3.4 Anchor Clustering
The scheme chosen in this paper is an anchor-based object detection model. The traditional anchor selection method is challenging to improve the accuracy, and we first use the K-means clustering algorithm to cluster the manually labelled actual bounding boxes in the training set to obtain the optimal anchor size. Then, we select nine anchor points to predict the bounding box based on the average IoU to improve the detection accuracy. The clustering steps are:
-
1.
Randomly select N boxes as initial anchors;
-
2.
Using the IOU metric, assign each box to the ANCHOR that is closest to it;
-
3.
Calculate the mean value of the width and height of all boxes in each cluster and update the position of the anchor;
-
4.
Repeat steps 2 and 3 until the anchor no longer changes or the maximum number of iterations is reached.
The anchor clustering centers of the transmission line foreign object intrusion dataset in this paper were calculated by K-means as [[38, 49], [81, 55], [61, 88], [78, 153], [110, 120], [144, 98], [155, 182], [200, 257], [317, 380]], as illustrated in Fig. 3. Figure 4 illustrates the Pascal VOC dataset category of anchor clustering.
4 Experiments
4.1 Datasets
Significantly, few open-source datasets are related to the grid intrusion of foreign objects.

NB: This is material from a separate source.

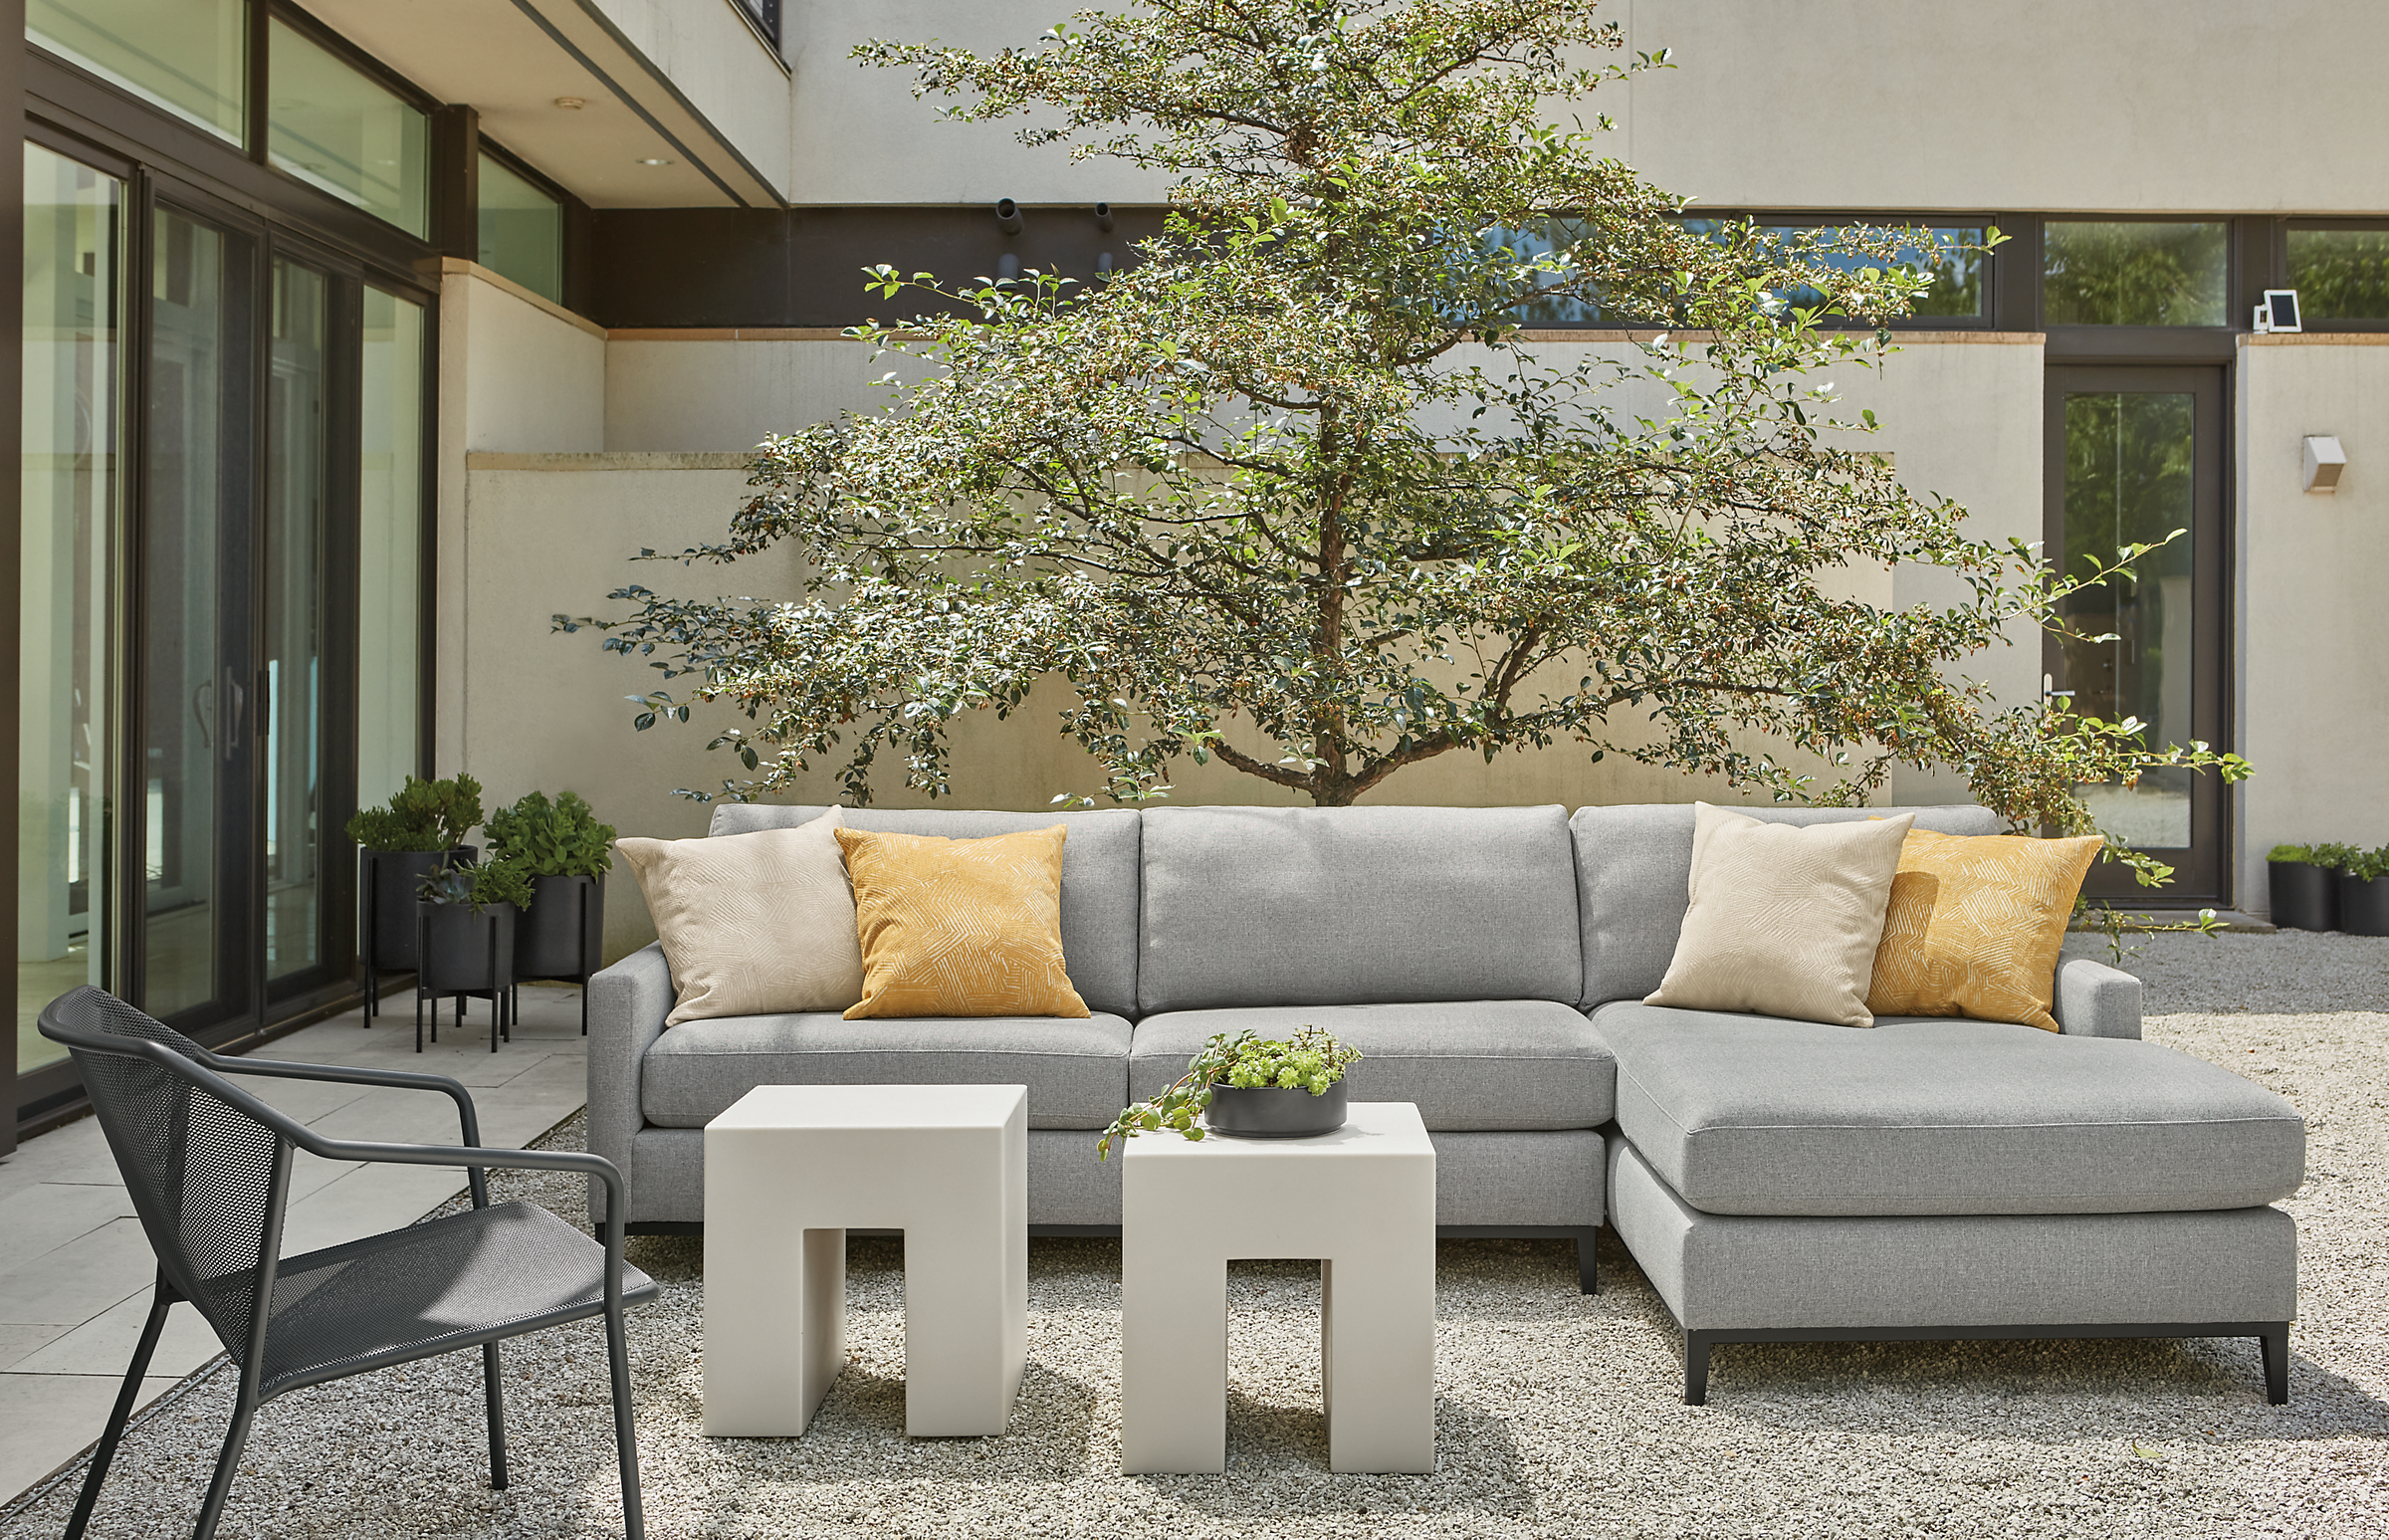 Tomas outdoor sofa with chaise in Mist steel fabric, two Vignelli cubes in light grey and Theo lounge chair in graphite.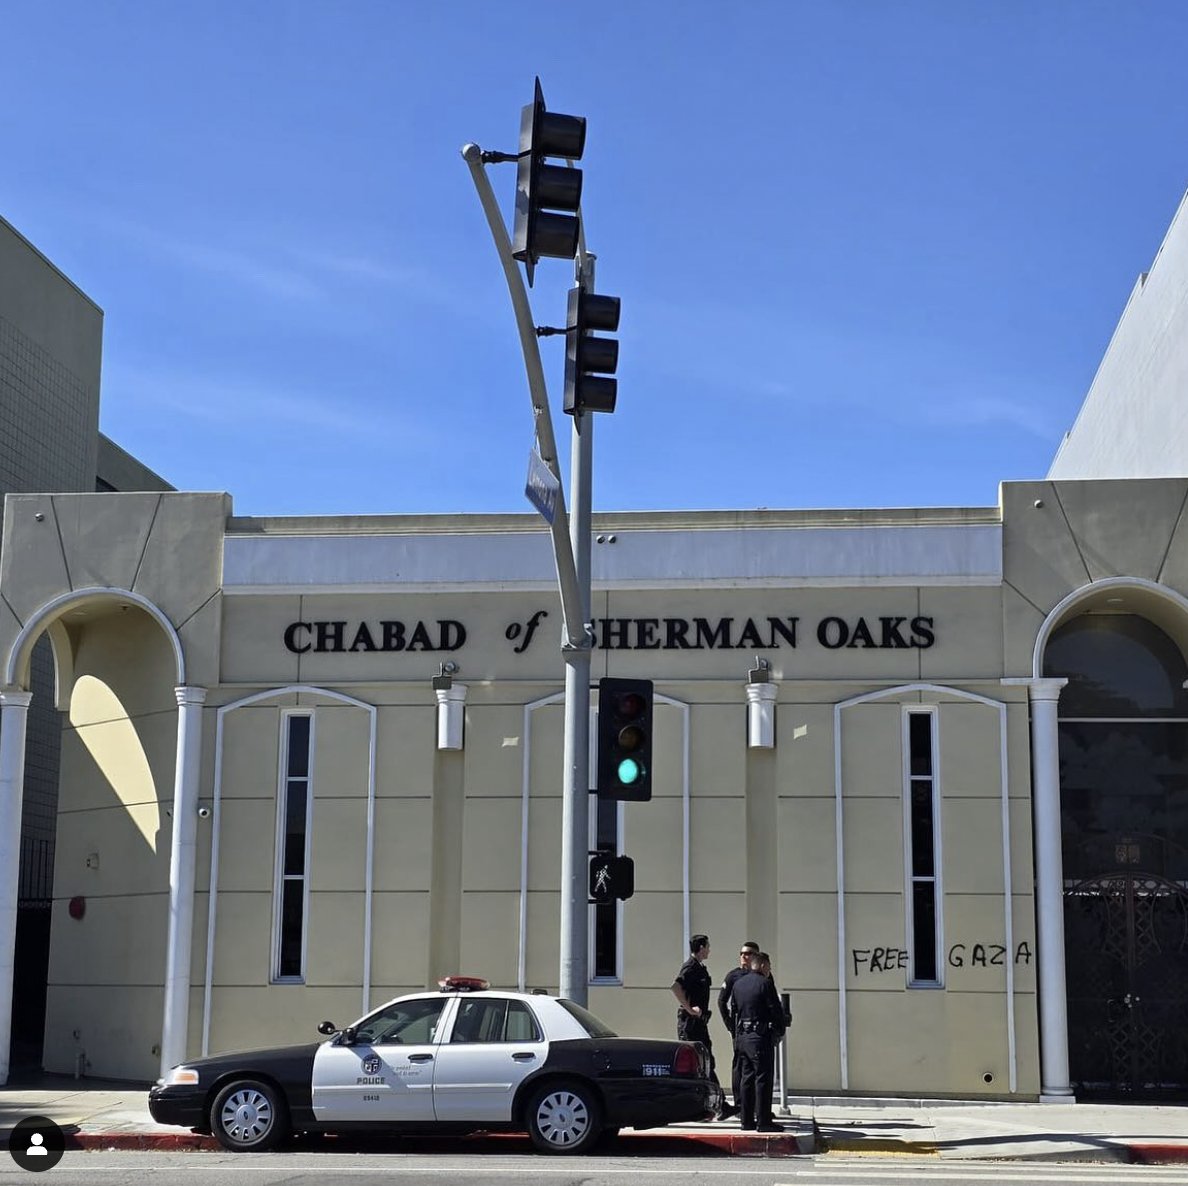 Yet another hate crime in Los Angeles, this time at a synagogue in Sherman Oaks. Antizionism is antisemitism. Pro-Hamas extremists are terrorizing Jews in Los Angeles with impunity.

The foreign object detection dataset used in this paper is mainly from the dataset provided by the 2nd Guangzhou-Pazhou Algorithm Competition-Complex Scene-Based Transmission Corridor Hidden Dangerous object Detection Competition [11], with a total of 800 annotated image data, and the ratio of this paper’s training set and test set division is 9:1. among the categories of foreign objects are nest, balloon, kite and trash. This paper also validates the effectiveness of this paper’s model on the open-source dataset Pascal VOC [12]. Pascal VOC 2007 has 9,963 images containing 24,640 labelled objects, and Pascal VOC 2012 has 11,540 images containing 27,450 labelled objects, which contain the same 20 object classes for the object detection task.
4.2 Experimental Settings
In this paper, the GridFormer model is constructed based on the PyTorch framework, and the neural network parameters are optimized using the Adam optimizer. The initial learning rate is 1e−3, the minimum learning rate is 1e−5, cosine annealing is used to attenuate the learning rate, label smoothing is set to 0.005, the input resolution is 640 * 640, the batch size is set to 8, and the maximum epoch is set to 100. All the training is done using NVIDIA RTX 3080 GPU.
4.3 Evaluation Metrics
In order to reasonably evaluate the performance of the lightweight object detection model, this paper adopts the average value of the APs of each category (mAP) to measure the detection accuracy of the object detection model; the number of floating-point operations, GFLOPs, is used to measure the computational amount of the model, and the number of parameters, Params (M), is used to measure the complexity of the model, which together reflect the computational cost of the model. The number of frames per second, FPS, is used to measure the inference speed of the model. The above four metrics are used to determine the trained model’s performance comprehensively.
4.4 Results
On the target dataset of transmission channel hazards, this paper has done relevant experiments and completed the test; the experimental results are shown in Table 1. GridFormer achieved 96.78% mAP with only 25.39M parametric quantities, and the P-R curves of the four categories in the dataset are shown in Fig. 5.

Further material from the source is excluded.